» Exercise goal
Among the entries below, one stretch runs from the line that contains "Khartsyzk Ukraine slim" through the line that contains "Queen Victoria Market, Melbourne". Repeat that stretch exactly, ends included, and only that.

━━━ Dataset records

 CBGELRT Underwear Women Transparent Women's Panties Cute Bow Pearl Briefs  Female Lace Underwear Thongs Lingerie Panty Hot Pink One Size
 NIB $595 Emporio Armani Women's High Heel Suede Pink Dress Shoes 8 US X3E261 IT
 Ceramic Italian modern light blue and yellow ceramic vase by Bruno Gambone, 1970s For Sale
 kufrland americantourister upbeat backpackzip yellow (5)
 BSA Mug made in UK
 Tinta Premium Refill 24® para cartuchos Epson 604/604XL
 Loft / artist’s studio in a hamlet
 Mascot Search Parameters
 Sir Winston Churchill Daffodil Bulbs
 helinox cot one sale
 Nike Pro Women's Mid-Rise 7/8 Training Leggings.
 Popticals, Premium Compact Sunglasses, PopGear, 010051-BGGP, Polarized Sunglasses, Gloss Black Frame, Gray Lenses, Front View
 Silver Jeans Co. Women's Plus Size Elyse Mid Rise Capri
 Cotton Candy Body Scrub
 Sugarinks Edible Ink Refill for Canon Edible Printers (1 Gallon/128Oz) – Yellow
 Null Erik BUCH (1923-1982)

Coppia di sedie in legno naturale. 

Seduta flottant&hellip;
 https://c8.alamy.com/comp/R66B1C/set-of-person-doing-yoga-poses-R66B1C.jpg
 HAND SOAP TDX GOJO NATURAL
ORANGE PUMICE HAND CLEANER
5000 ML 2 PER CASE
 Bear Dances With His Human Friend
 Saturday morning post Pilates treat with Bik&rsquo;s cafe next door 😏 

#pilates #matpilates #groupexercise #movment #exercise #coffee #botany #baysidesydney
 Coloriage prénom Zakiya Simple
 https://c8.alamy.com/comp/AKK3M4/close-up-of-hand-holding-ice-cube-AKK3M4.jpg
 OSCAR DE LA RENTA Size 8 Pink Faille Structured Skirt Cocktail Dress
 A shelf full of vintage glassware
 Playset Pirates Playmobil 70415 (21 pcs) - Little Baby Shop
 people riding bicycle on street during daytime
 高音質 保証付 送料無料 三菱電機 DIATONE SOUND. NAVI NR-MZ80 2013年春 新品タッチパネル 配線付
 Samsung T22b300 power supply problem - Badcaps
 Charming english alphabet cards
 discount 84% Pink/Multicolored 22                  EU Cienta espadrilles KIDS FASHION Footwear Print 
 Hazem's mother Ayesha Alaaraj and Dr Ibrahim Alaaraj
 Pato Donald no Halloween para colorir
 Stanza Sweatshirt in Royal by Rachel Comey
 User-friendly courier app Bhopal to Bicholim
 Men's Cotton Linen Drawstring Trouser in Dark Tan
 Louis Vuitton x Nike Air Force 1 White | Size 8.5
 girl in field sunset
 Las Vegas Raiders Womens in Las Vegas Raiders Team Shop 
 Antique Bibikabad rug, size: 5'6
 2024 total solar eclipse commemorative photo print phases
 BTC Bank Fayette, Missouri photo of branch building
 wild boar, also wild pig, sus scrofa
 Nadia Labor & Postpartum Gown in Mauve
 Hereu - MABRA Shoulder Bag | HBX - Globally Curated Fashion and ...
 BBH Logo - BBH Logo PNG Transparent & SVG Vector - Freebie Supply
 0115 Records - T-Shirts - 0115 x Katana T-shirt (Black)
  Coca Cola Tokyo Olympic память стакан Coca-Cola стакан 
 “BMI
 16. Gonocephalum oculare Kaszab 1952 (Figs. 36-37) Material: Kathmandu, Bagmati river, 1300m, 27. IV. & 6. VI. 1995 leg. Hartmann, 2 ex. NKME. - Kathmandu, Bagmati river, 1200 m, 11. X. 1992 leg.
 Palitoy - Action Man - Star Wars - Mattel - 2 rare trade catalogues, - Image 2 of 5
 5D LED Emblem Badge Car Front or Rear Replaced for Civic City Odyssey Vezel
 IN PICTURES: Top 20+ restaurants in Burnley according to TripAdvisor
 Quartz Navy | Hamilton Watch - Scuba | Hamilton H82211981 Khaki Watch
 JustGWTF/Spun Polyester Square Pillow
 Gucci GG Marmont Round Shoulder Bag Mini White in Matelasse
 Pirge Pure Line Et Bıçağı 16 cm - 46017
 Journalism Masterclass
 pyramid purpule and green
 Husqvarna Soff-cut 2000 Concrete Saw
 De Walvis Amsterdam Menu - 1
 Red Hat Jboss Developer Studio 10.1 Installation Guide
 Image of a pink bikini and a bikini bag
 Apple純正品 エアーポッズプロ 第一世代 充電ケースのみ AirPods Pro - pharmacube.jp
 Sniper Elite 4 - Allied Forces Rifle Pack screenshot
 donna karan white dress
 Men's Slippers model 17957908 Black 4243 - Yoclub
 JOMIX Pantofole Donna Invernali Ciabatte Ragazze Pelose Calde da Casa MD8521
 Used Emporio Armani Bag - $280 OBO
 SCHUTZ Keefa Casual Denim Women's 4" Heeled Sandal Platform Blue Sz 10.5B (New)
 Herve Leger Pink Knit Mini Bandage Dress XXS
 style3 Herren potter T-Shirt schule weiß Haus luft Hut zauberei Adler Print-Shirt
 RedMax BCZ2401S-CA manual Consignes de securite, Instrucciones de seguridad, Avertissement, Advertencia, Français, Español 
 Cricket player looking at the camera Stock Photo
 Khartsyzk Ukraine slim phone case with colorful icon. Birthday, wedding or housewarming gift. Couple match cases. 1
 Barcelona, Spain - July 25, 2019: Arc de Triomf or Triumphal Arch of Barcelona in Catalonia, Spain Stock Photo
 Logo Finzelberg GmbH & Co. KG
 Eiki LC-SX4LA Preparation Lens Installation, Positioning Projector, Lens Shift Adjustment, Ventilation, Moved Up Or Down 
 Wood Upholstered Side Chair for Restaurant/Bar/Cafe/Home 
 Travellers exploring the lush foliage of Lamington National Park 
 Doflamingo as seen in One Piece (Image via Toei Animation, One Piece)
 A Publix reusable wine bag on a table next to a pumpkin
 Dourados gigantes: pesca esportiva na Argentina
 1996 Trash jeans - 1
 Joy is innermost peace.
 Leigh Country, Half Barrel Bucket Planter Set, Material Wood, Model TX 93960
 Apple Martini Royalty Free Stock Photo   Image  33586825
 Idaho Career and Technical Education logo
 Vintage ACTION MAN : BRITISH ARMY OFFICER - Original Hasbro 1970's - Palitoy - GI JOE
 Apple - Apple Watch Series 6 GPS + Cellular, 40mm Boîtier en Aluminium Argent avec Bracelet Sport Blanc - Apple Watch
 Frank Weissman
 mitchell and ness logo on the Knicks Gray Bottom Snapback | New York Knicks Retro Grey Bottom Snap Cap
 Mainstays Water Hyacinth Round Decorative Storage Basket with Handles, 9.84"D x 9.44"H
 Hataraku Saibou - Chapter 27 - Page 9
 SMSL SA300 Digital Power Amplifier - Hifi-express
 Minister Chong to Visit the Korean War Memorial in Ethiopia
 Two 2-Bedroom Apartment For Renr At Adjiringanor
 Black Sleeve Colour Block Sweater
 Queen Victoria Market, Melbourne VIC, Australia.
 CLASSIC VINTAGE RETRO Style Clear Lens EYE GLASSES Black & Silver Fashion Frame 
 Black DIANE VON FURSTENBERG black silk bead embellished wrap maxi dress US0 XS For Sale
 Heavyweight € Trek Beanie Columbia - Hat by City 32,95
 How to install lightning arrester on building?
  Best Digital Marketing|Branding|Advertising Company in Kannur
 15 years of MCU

━━━━━━

» Solution
 Khartsyzk Ukraine slim phone case with colorful icon. Birthday, wedding or housewarming gift. Couple match cases. 1
 Barcelona, Spain - July 25, 2019: Arc de Triomf or Triumphal Arch of Barcelona in Catalonia, Spain Stock Photo
 Logo Finzelberg GmbH & Co. KG
 Eiki LC-SX4LA Preparation Lens Installation, Positioning Projector, Lens Shift Adjustment, Ventilation, Moved Up Or Down 
 Wood Upholstered Side Chair for Restaurant/Bar/Cafe/Home 
 Travellers exploring the lush foliage of Lamington National Park 
 Doflamingo as seen in One Piece (Image via Toei Animation, One Piece)
 A Publix reusable wine bag on a table next to a pumpkin
 Dourados gigantes: pesca esportiva na Argentina
 1996 Trash jeans - 1
 Joy is innermost peace.
 Leigh Country, Half Barrel Bucket Planter Set, Material Wood, Model TX 93960
 Apple Martini Royalty Free Stock Photo   Image  33586825
 Idaho Career and Technical Education logo
 Vintage ACTION MAN : BRITISH ARMY OFFICER - Original Hasbro 1970's - Palitoy - GI JOE
 Apple - Apple Watch Series 6 GPS + Cellular, 40mm Boîtier en Aluminium Argent avec Bracelet Sport Blanc - Apple Watch
 Frank Weissman
 mitchell and ness logo on the Knicks Gray Bottom Snapback | New York Knicks Retro Grey Bottom Snap Cap
 Mainstays Water Hyacinth Round Decorative Storage Basket with Handles, 9.84"D x 9.44"H
 Hataraku Saibou - Chapter 27 - Page 9
 SMSL SA300 Digital Power Amplifier - Hifi-express
 Minister Chong to Visit the Korean War Memorial in Ethiopia
 Two 2-Bedroom Apartment For Renr At Adjiringanor
 Black Sleeve Colour Block Sweater
 Queen Victoria Market, Melbourne VIC, Australia.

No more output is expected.